A la suite de cet accident, la victime était devenue inapte à poursuivre son activité professionnelle antérieure au même niveau de responsabilité et avait fait l’objet d’un licenciement pour inaptitude.
Or, sans son arrêt en date du 9 février 2017, la Cour d’Appel de LYON avait limité ses pertes de gains professionnels futurs à une année de revenus en estimant que la victime restait apte « à occuper un poste d’infirmière comportant moins de responsabilité ».

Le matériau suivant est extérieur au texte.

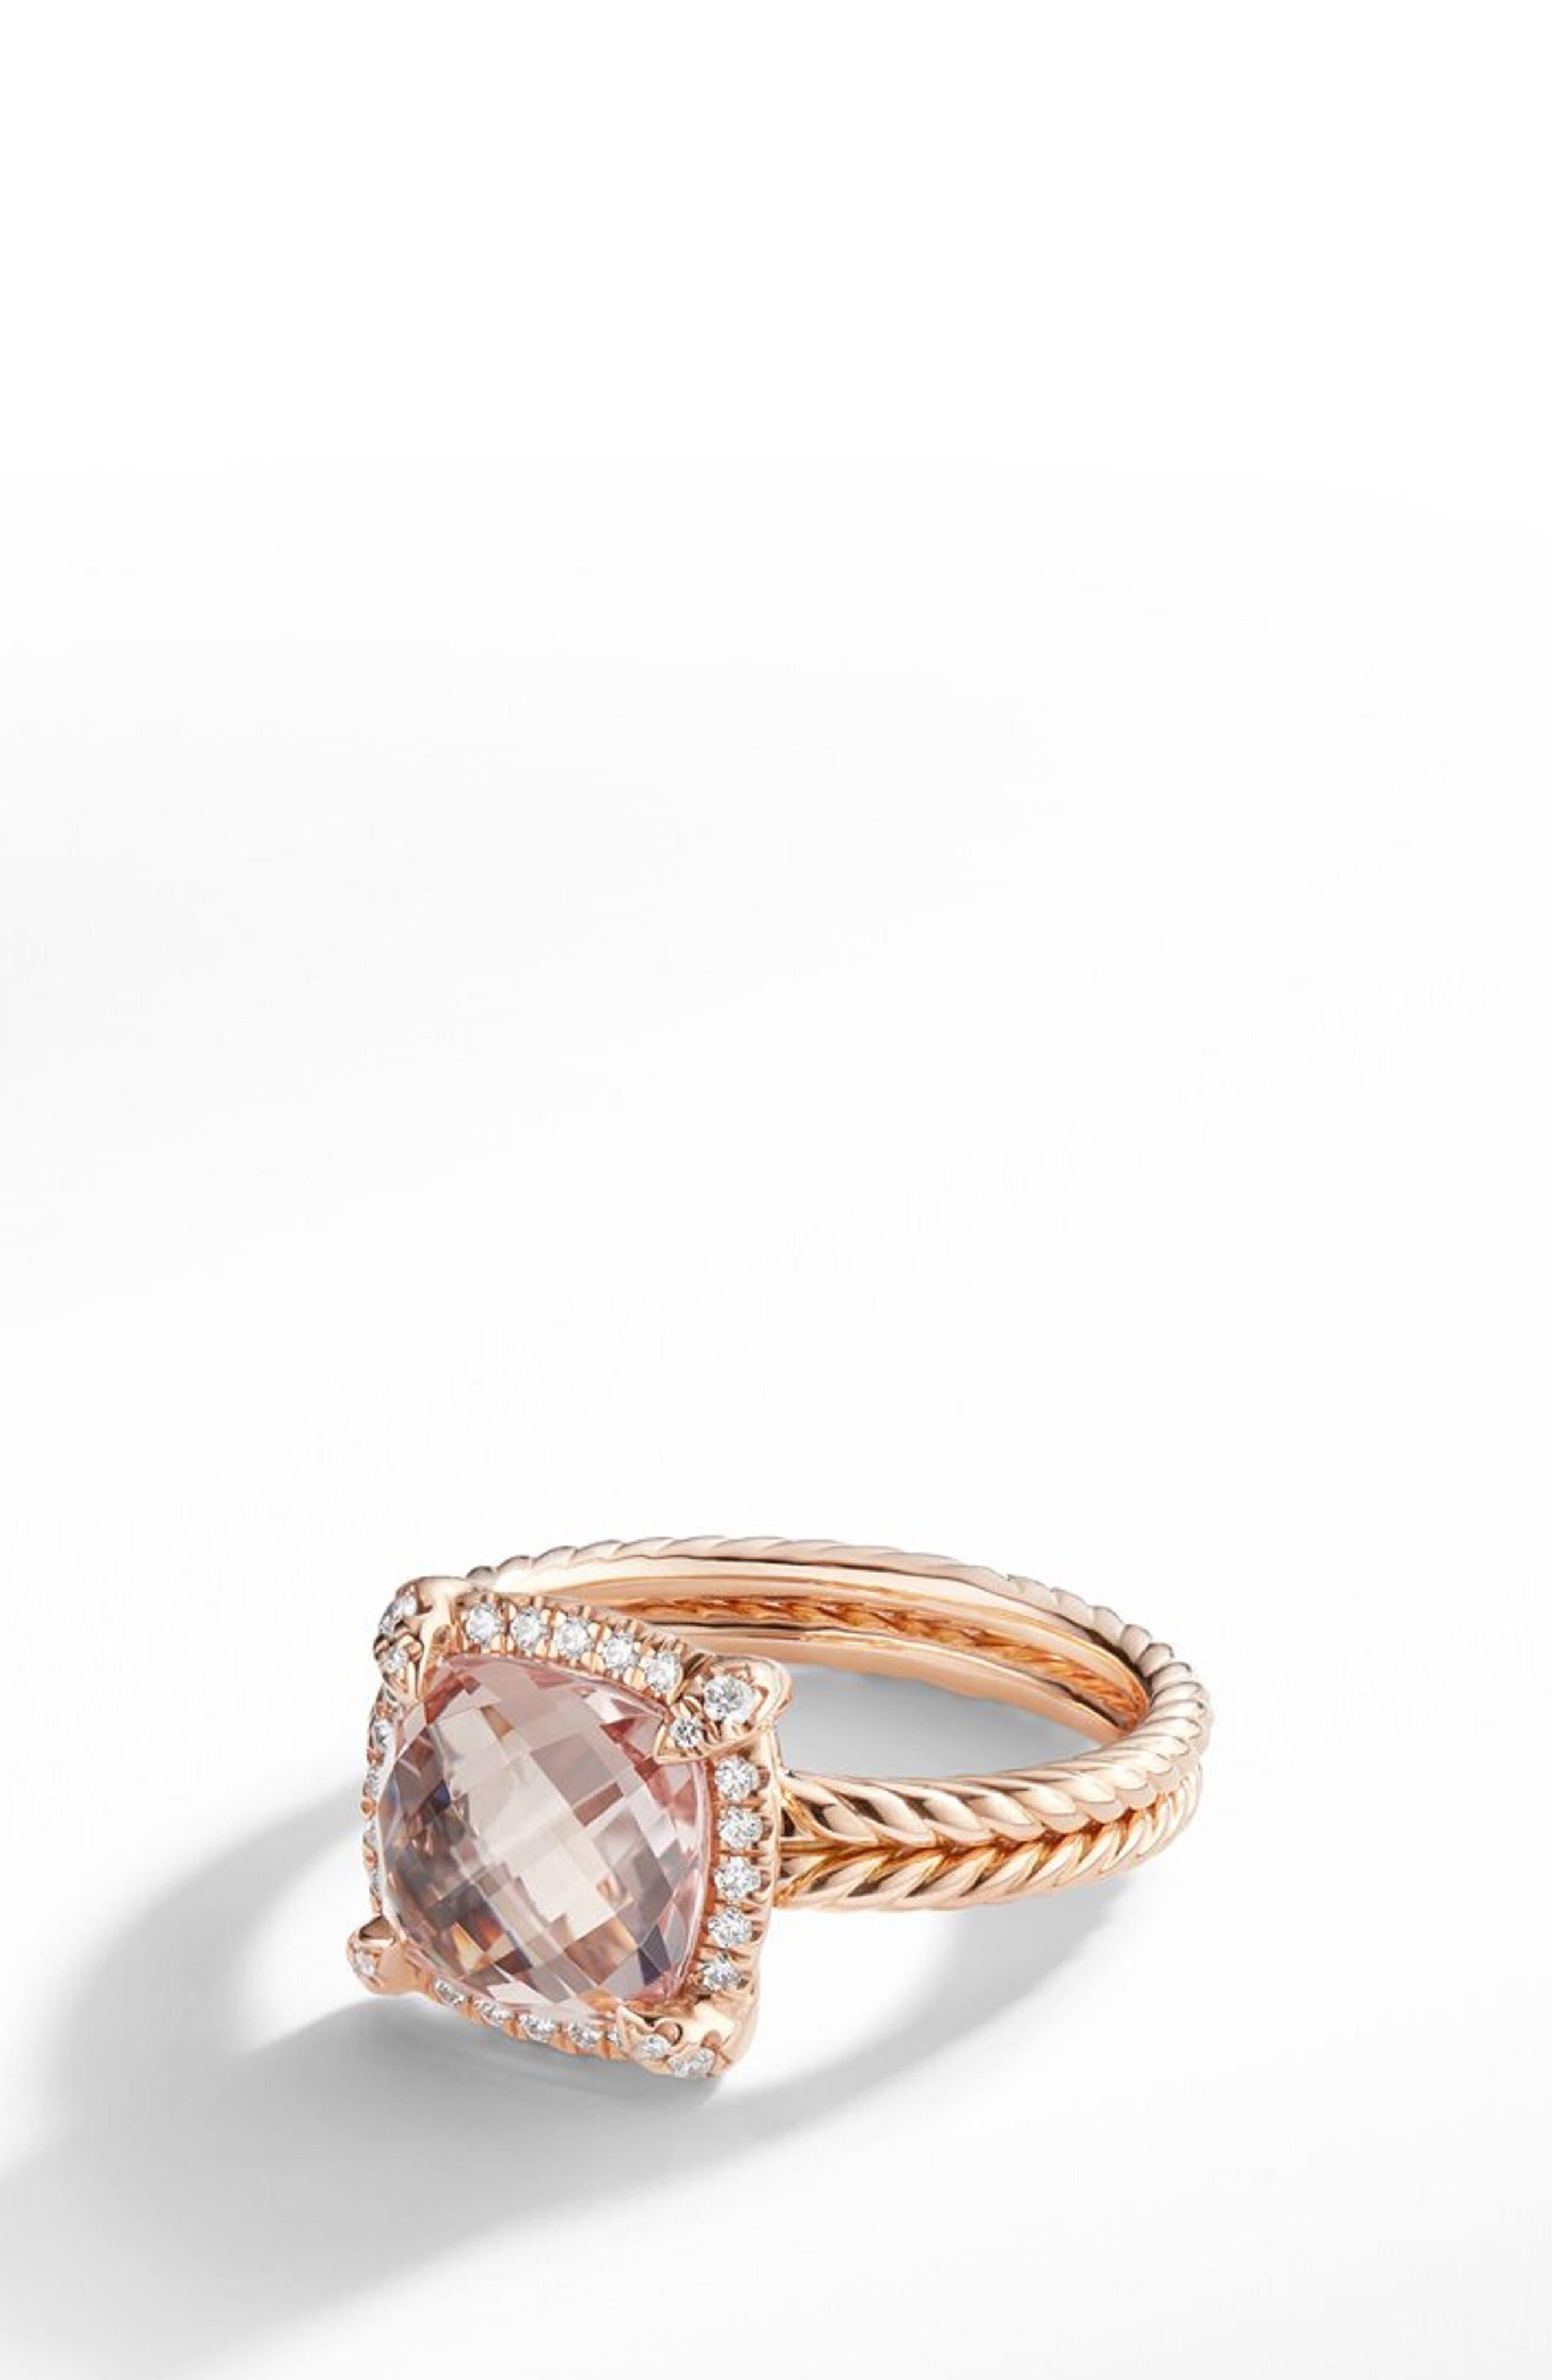 Chatelaine<sup>®</sup> Pavé Bezel Ring in 18K Rose Gold,                         Main,                         color, ROSE GOLD/ DIAMOND/ MORGANITE
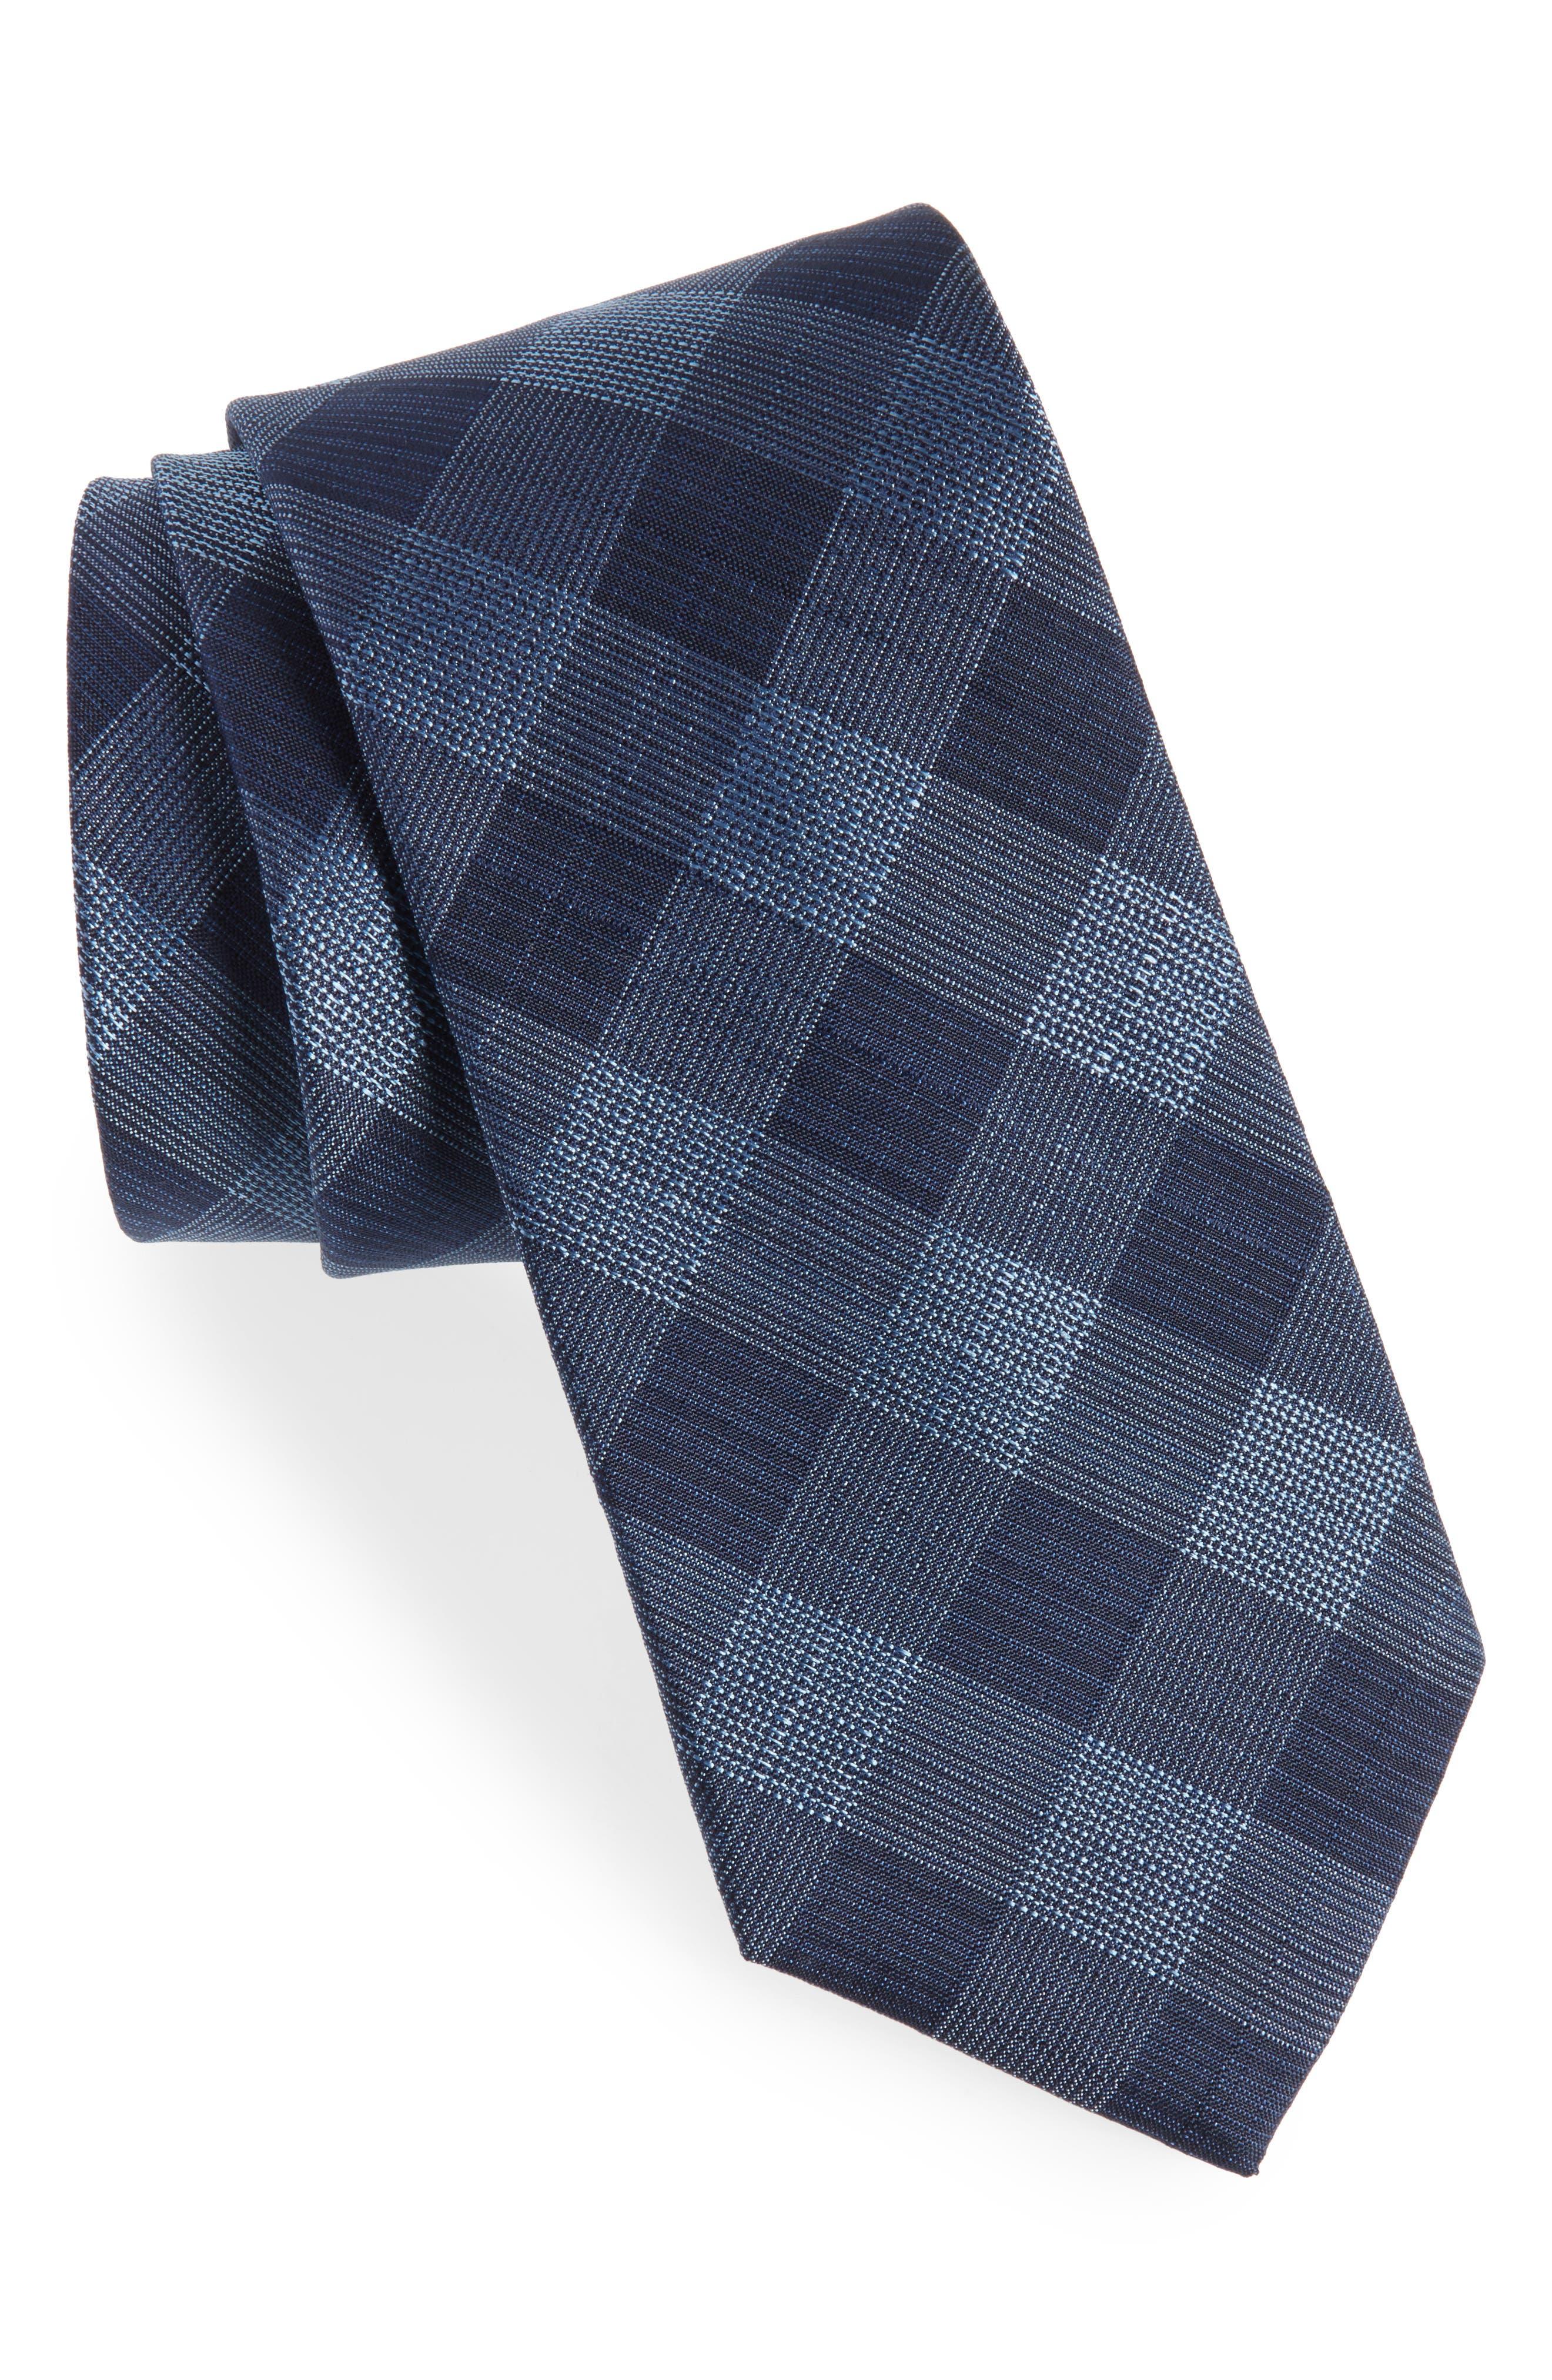 Raymer Check Silk Tie,                             Main thumbnail 1, color,                             Navy

Elle ajoutait que « si les séquelles imputables participent de la difficulté de retrouver une activité professionnelle, préjudice indemnisé au titre de l’incidence professionnelle, il n’est pas démontré qu’elle se trouve, à raison de son déficit fonctionnel, dans l’impossibilité de retrouver un emploi, que si l’on admet ainsi que son état n’est plus compatible avec l’exercice du métier d’infirmière, il y a lieu de retenir la possibilité d’une démarche de reconversion professionnelle et de déterminer un préjudice égal à une année de revenus ».
Dans son arrêt en date du 24 mai 2018 (Cour de cassation, Civile 2ème, 24 mai 2018, Pourvoi n°17-17962), la 2ème Chambre civile de la Cour de cassation censure cette argumentation sur le fondement du principe de la réparation intégrale sans perte ni profit pour la victime.
Dès lors que l’accident l’avait bien rendue inapte à poursuivre son activité professionnelle antérieure, la victime subissait bien une perte de gains professionnels futurs permanente dont l’indemnisation ne pouvait pas être limitée à une seule année de revenus dans la mesure où la reconversion était simplement possible mais non certaine.
Force est donc de constater que la Cour de cassation opère un contrôle strict de ce poste de préjudice afin de garantir la réparation intégrale des préjudices subis par la victime.